James Frayne is Director of Public First and author of Meet the People, a guide to moving public opinion.
This last week, the media have given Rishi Sunak a kicking, and the public have followed their lead. This always happens post-financial statements, as the public rely heavily on the expert opinion they see in media coverage.
Reflecting this, the polls following the Spring Statement have been generally negative. YouGov showed that Sunak’s ratings fell ten points between before and after the Spring Statement. Elsewhere, there are suggestions people generally don’t think the measures announced will have much impact on their lives.
This is crucial: for some time, the polls have been showing the public believe we are entering a cost of living crisis, where rising bills and prices will put them under severe pressure. The polls have been flashing warning lights since at least the autumn. Voters don’t have much confidence that the Government can ultimately help, and don’t believe the Spring Statement was very helpful either.
Polling from Ipsos-Mori helps clarify this. In a poll published just before the Spring Statement, nearly half of voters doubted the Government’s policies would improve the state of the economy and 60 per cent doubted they would help improve public services in the long-term.
Comparing the Conservatives and Labour, the public are divided evenly between Johnson and Sunak or Starmer and Reeves as to who would do a better job managing the economy. The Conservatives are more trusted on growing the economy, while Labour are more trusted on the cost of living – but the numbers don’t fall decisively in any direction on any comparative question – though Ipsos-Mori have much higher ratings for Sunak.
While YouGov’s ratings for Rishi Sunak’s look very bad, it can be said that Spring Statement didn’t make any fundamental difference to the numbers. There was certainly no re-set and the Government’s numbers continue to slowly decline (slower post-invasion), even if they look better when direct comparisons with Labour are made. The public seem resigned to their fate for the next year or two.

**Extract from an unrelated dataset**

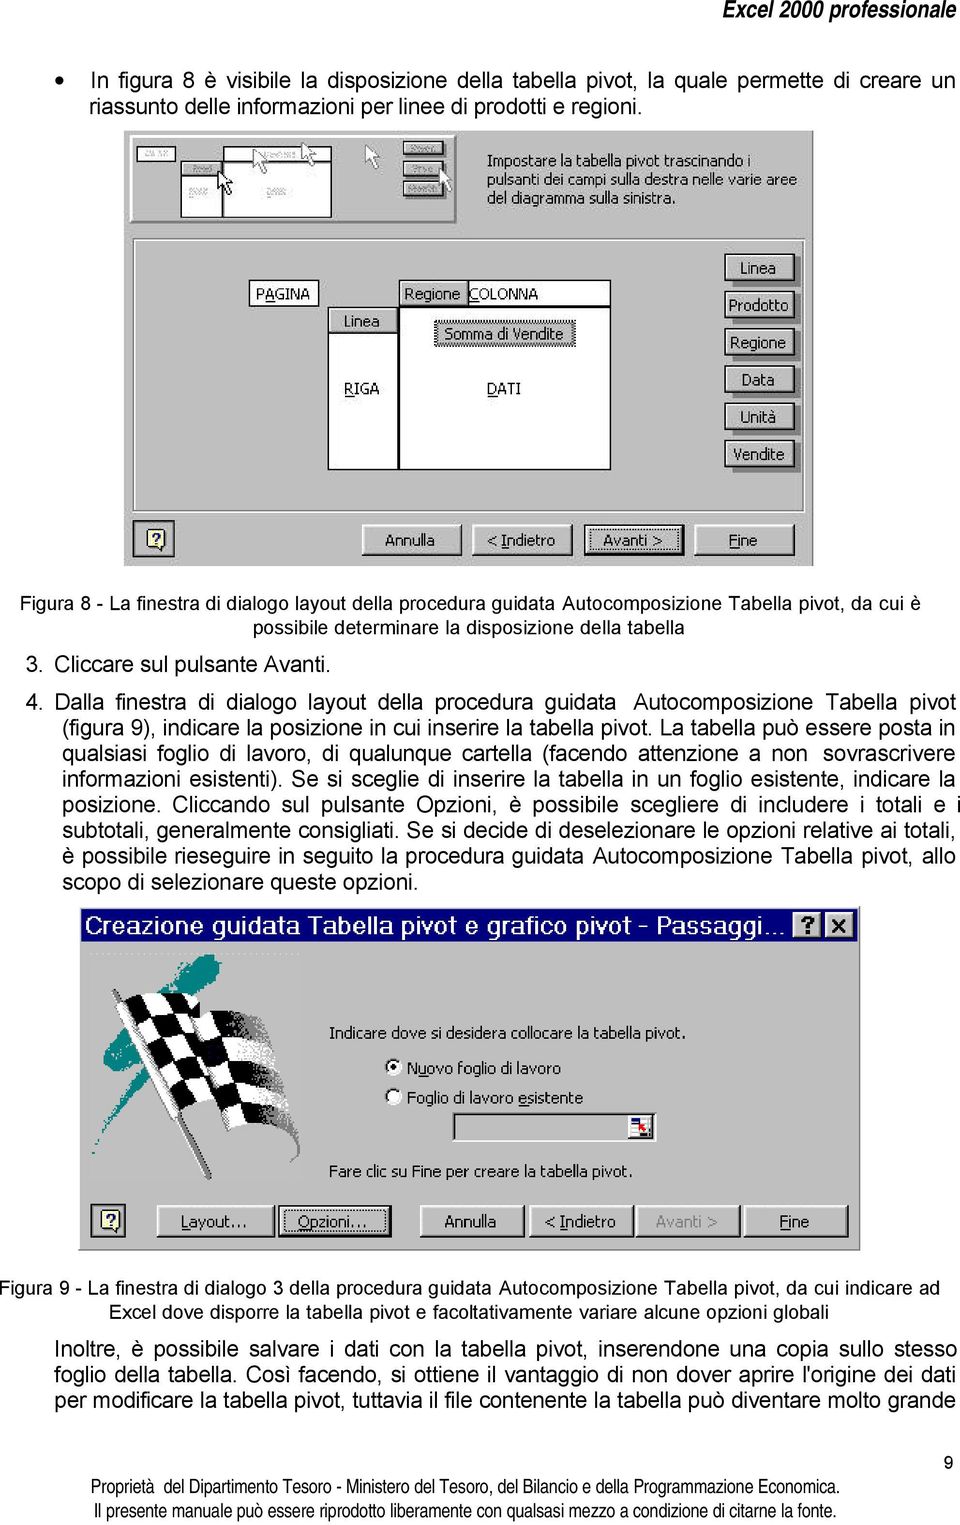 Dalla finestra di dialogo layout della procedura guidata Autocomposizione Tabella pivot (figura 9), indicare la posizione in cui inserire la tabella pivot.

What are the political implications of this? Above all, that public recognition of the scale of the crisis both limits prospective medium-term damage to the Government and their attractiveness too. Understanding the scale of our economic problems is going to limit the public’s anger with the Government. When they can see a Russian invasion and global inflationary pressures, they won’t blame politicians as quickly or simply as they might.
However, if the public don’t think Sunak or the Conservatives can make much difference, then it might make a Labour vote seem less risky. In the pandemic, the Government’s economic polling numbers went up because they were seen to be in control and certainly a more attractive option than Labour. This no longer appears to be the case. For the first time, Rishi Sunak is increasingly being viewed as “just another Tory”, and seeing his polling numbers decline with the rest of his party’s.
Only a “kitchen sink” strategy would make much difference – chucking everything at the problem. Sunak has seemingly partially accepted this. The Spring Statement went for breadth, not depth; he made lots of small-ish announcements designed to show the Government was doing its best on a range of issues. The problem for him is that the public don’t believe the Government has lifted the kitchen sink, let alone thrown it.
While the Chancellor is clearly right to manage public expectations, it’s hard not to think again about the issue that I raised in the autumn: the need to focus on waste. I wrote at the time: “So why look at Government waste now? Fundamentally, because it’s vital – in the context of a high tax economy and squeezed living standards – that voters see the Government go through a process of actively considering and cutting unnecessary spending wherever they can before retaining high taxes or considering new ones.” I still find it baffling the Treasury hasn’t pursued this. We should expect Labour to try to own it in the next few months.
In the pandemic, normal political business was suspended. The truth is, it still is. It is perfectly possible that we will see further significant financial measures announced soon; the Government doesn’t always have to wait for its major formal moments to announce new policy. Sunak can therefore be expected to do more at some point. The Government ought to be working on a kitchen sink strategy, with waste central. Without it, they will not turn things around.